Dead men tell no tales, but dead girls get their tales told for them, get them spun into webs to frame their eardrums so the only thing they can listen to is the faint memory of a trial that never seems to end.
Dead men tell no tales and dead girls never get to tell theirs. It’s only scribbled along their vertebrae, along their throats, along the bruises and scars they photograph and make famous, make celebrities out of wounds that scream.
They say “the death of a beautiful woman is, unquestionably, the most poetical topic in the world” so tell me this isn’t poetic. Tell me it’s sad and tragic and make sure to mention how many canons are firing off in your brain as you look at her. And her and her, as their faces hang on walls, the mugshots of martyrs.
How can i keep writing love poems, romanticizing my own pain and apathy, romanticizing the numb and unfeeling part of me, all the odes to the parts of me that I hate the most. When I know I won’t be worth even a flicker of a memory when I’m six feet under.
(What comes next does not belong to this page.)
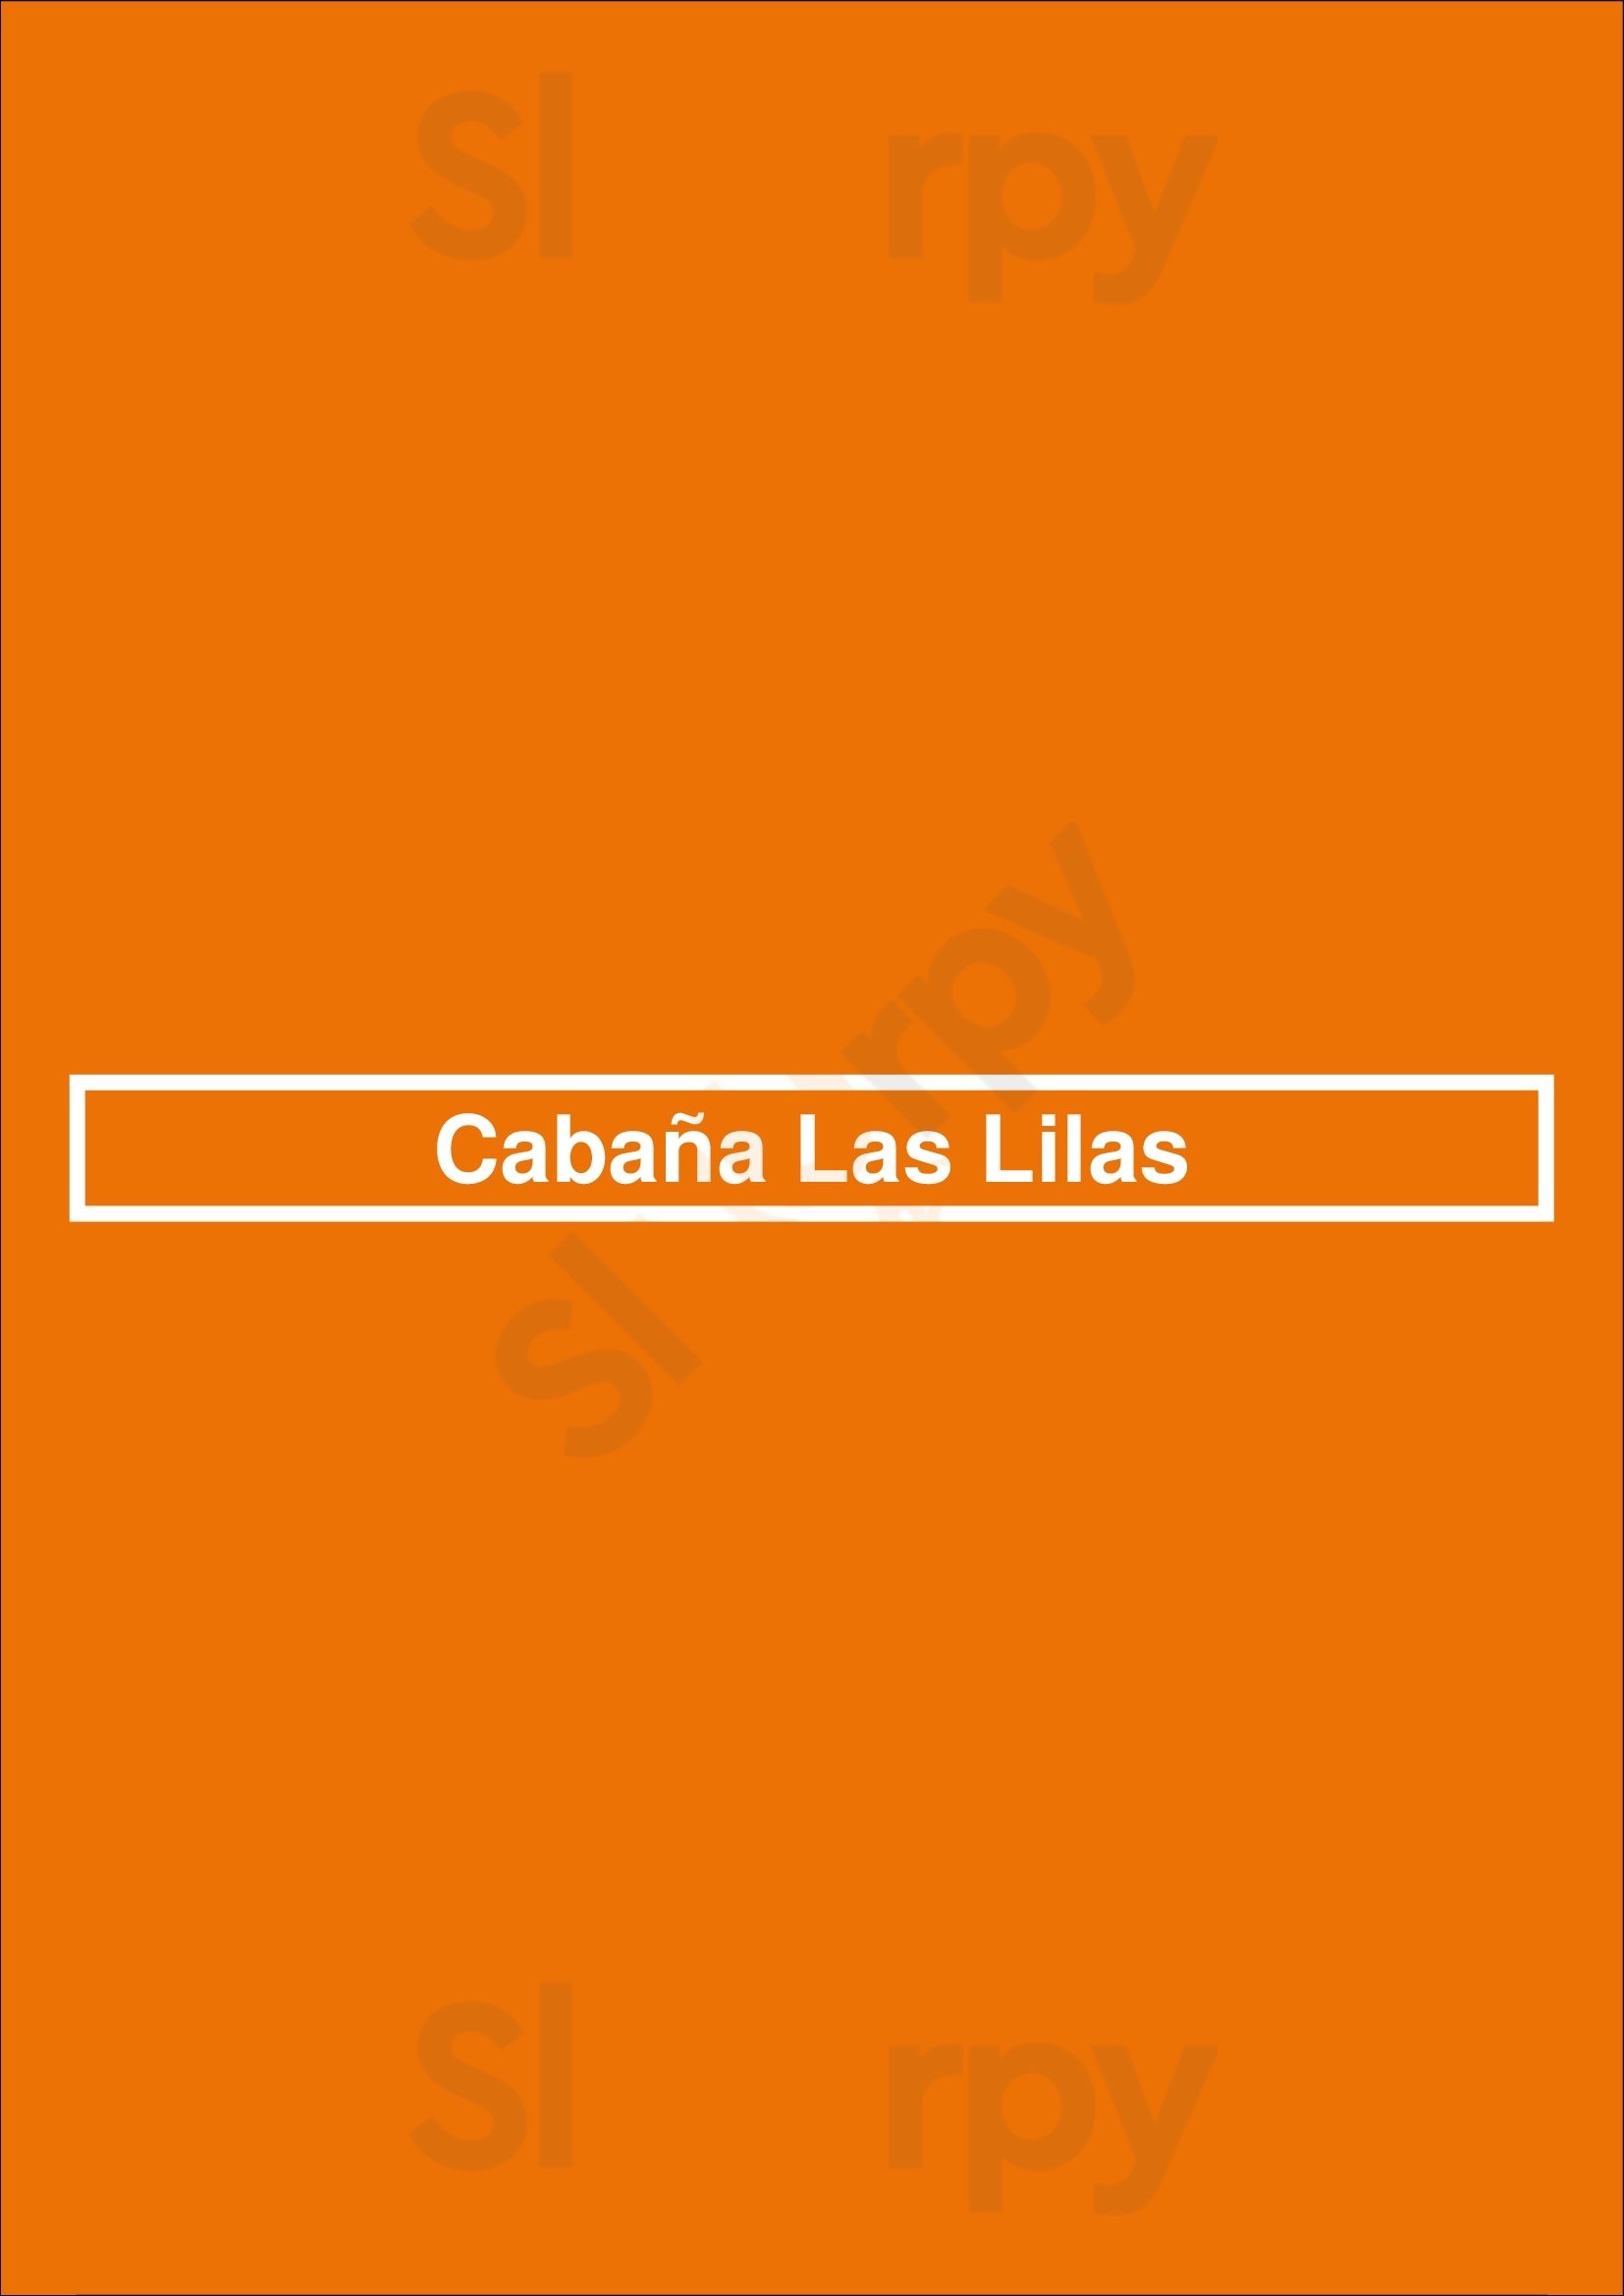 Cabaña Las Lilas Buenos Aires Menu - 1

Make the pages soft, smell like roses, make them everything i couldn’t be, and maybe I’ll accept the poetic justice in becoming someone else’s muse. An unwilling sacrifice to be packed away with all of my own.
Oh let me feel for once, like i was important. Let young girls read about my disappearance, my stumble off the edge of earth, which was eventually my savior. Between the words of my memoir, an invisible ink is left over for them to write their own.
My demons yell at me every night, and i listen with plugged ears but the words always find a way in. New voices to stamp onto the back of my brain, new risks and new precautions. New knives to hide under my pillow and between my knuckles.
I’ll cry before i go to bed, let it slip before the next day, before the next report, before the next girl gets found. Make room for her in my psyche. I’d take her place if i could.